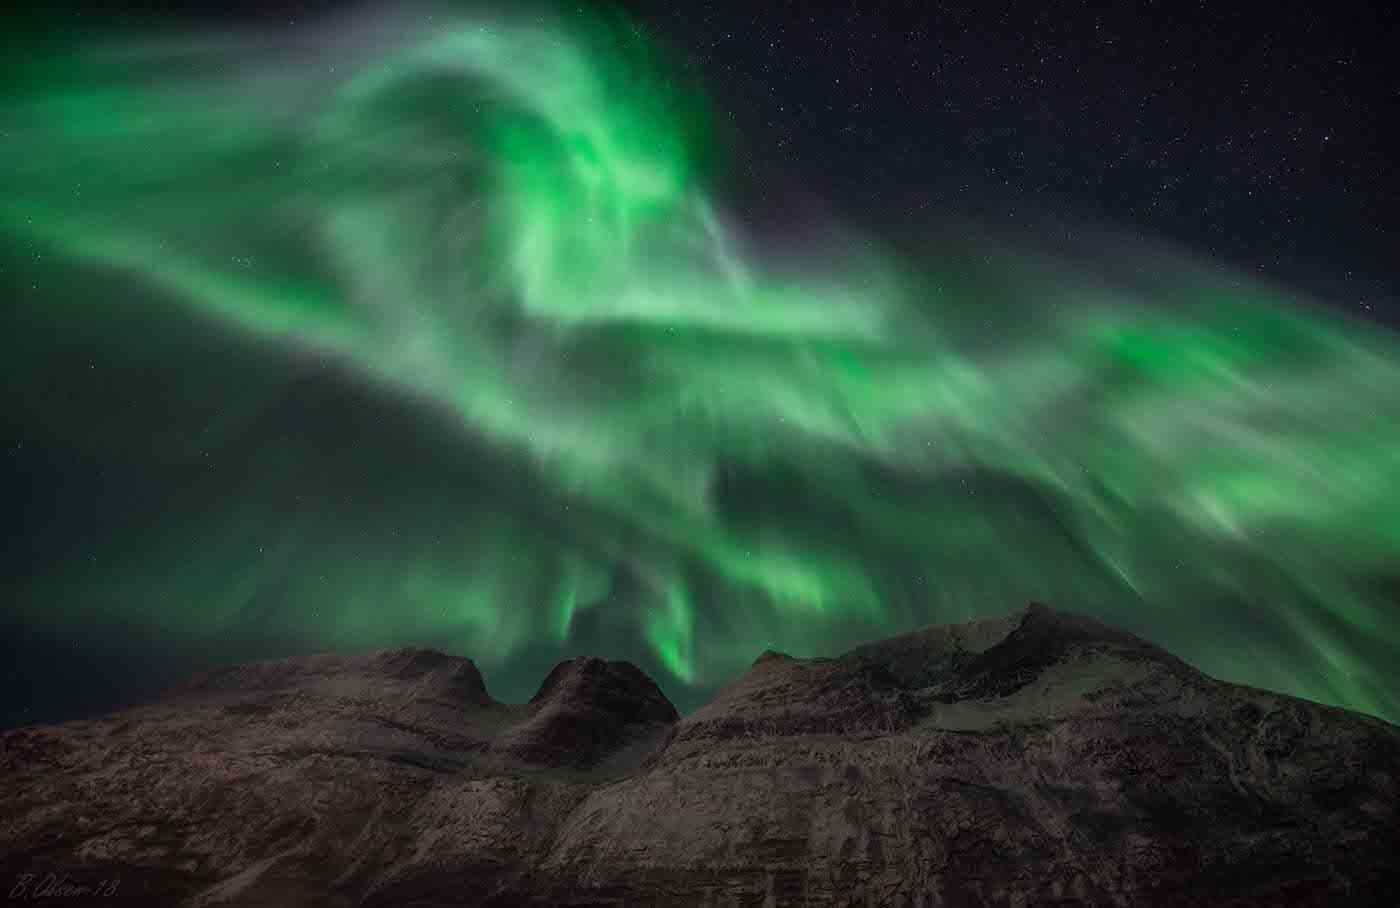 Auroras boreales fotografiadas desde Birtavarre, Noruega
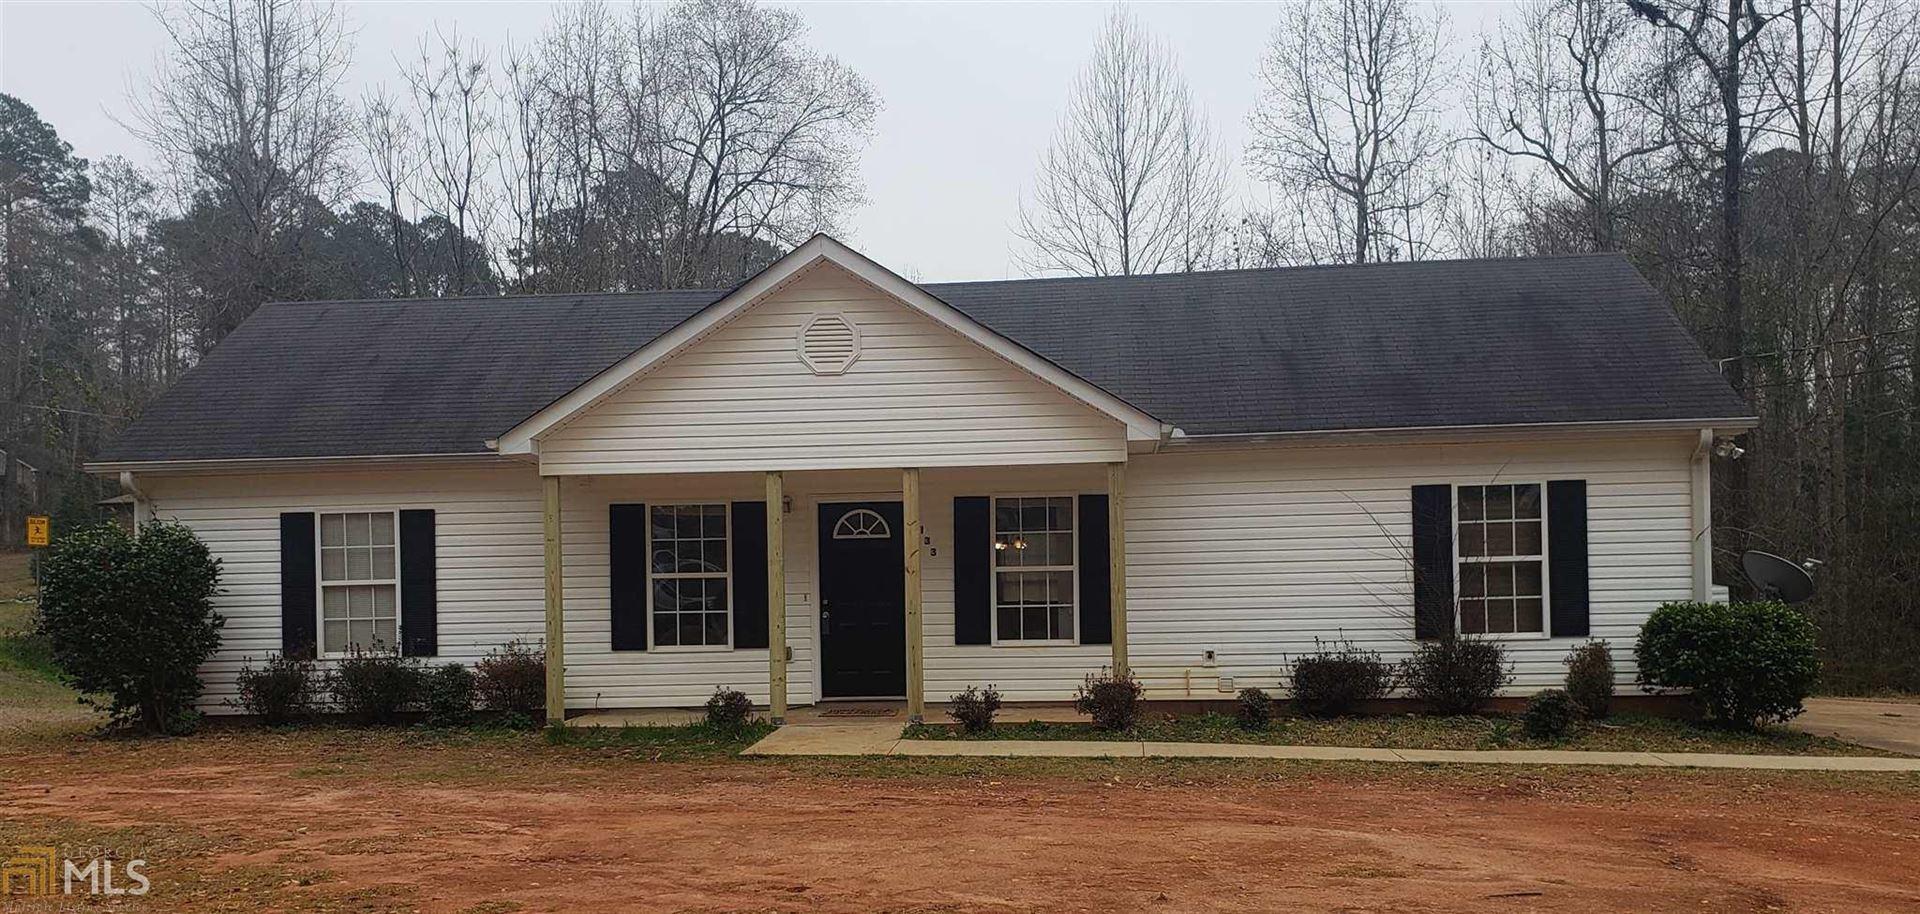 133 Honeysuckle Rd, Monticello, GA 31064 - MLS#: 8934960
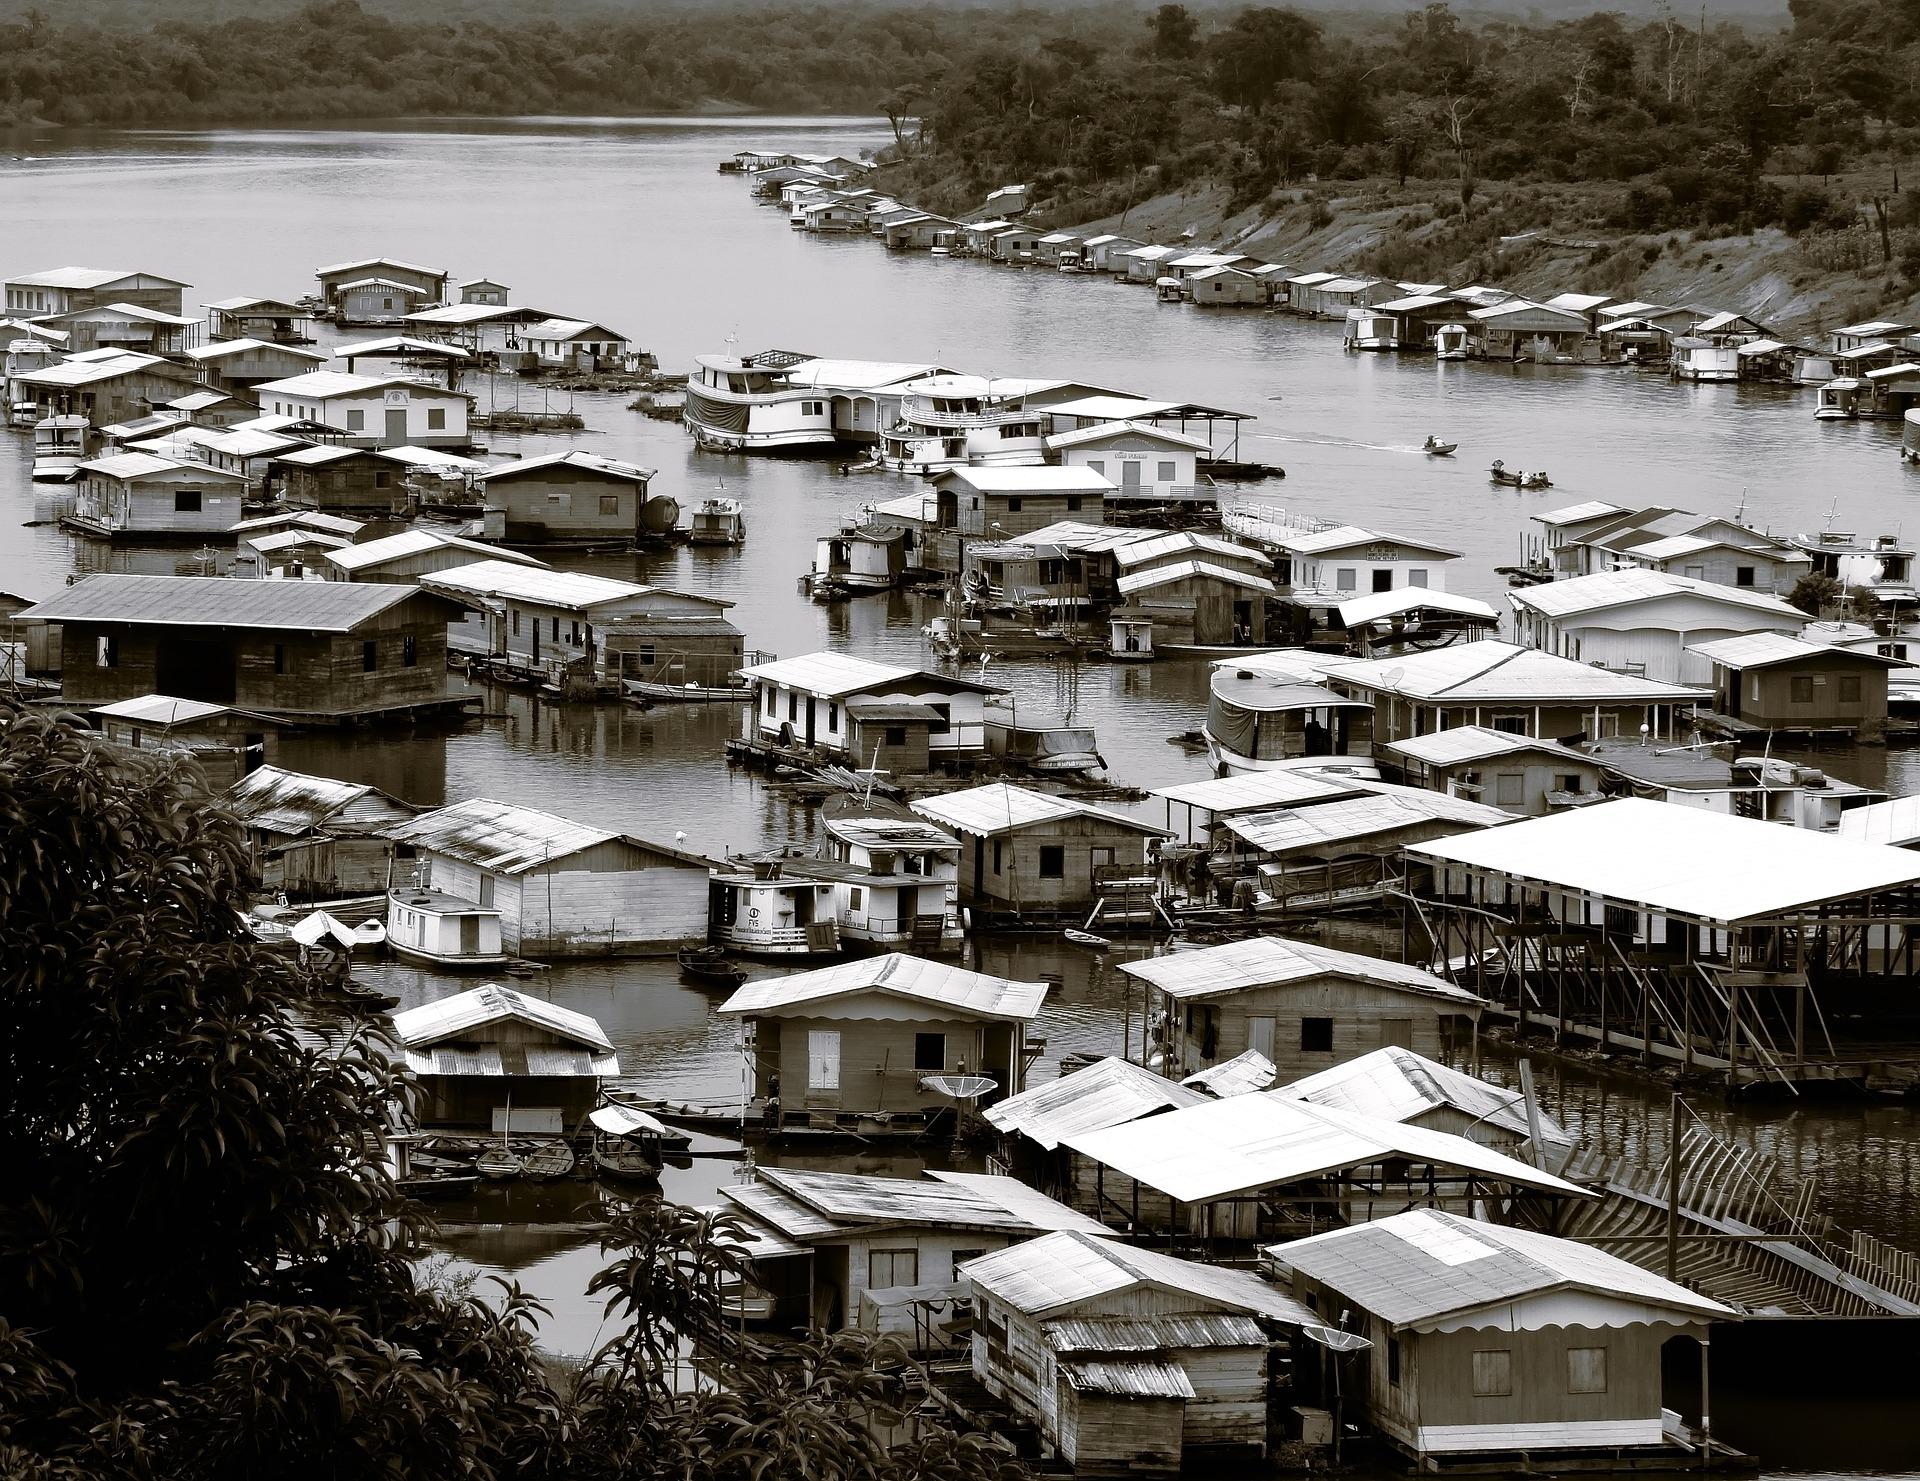 Dorf im Wasser Krankenhausschiff Ärzte
# # # # #
◆ Exercise details
If a picture appears in the data, omit it; transcribe all the rest exactly.

◆ Output for this exercise
 Auroras boreales fotografiadas desde Birtavarre, Noruega
 133 Honeysuckle Rd, Monticello, GA 31064 - MLS#: 8934960
 Dorf im Wasser Krankenhausschiff Ärzte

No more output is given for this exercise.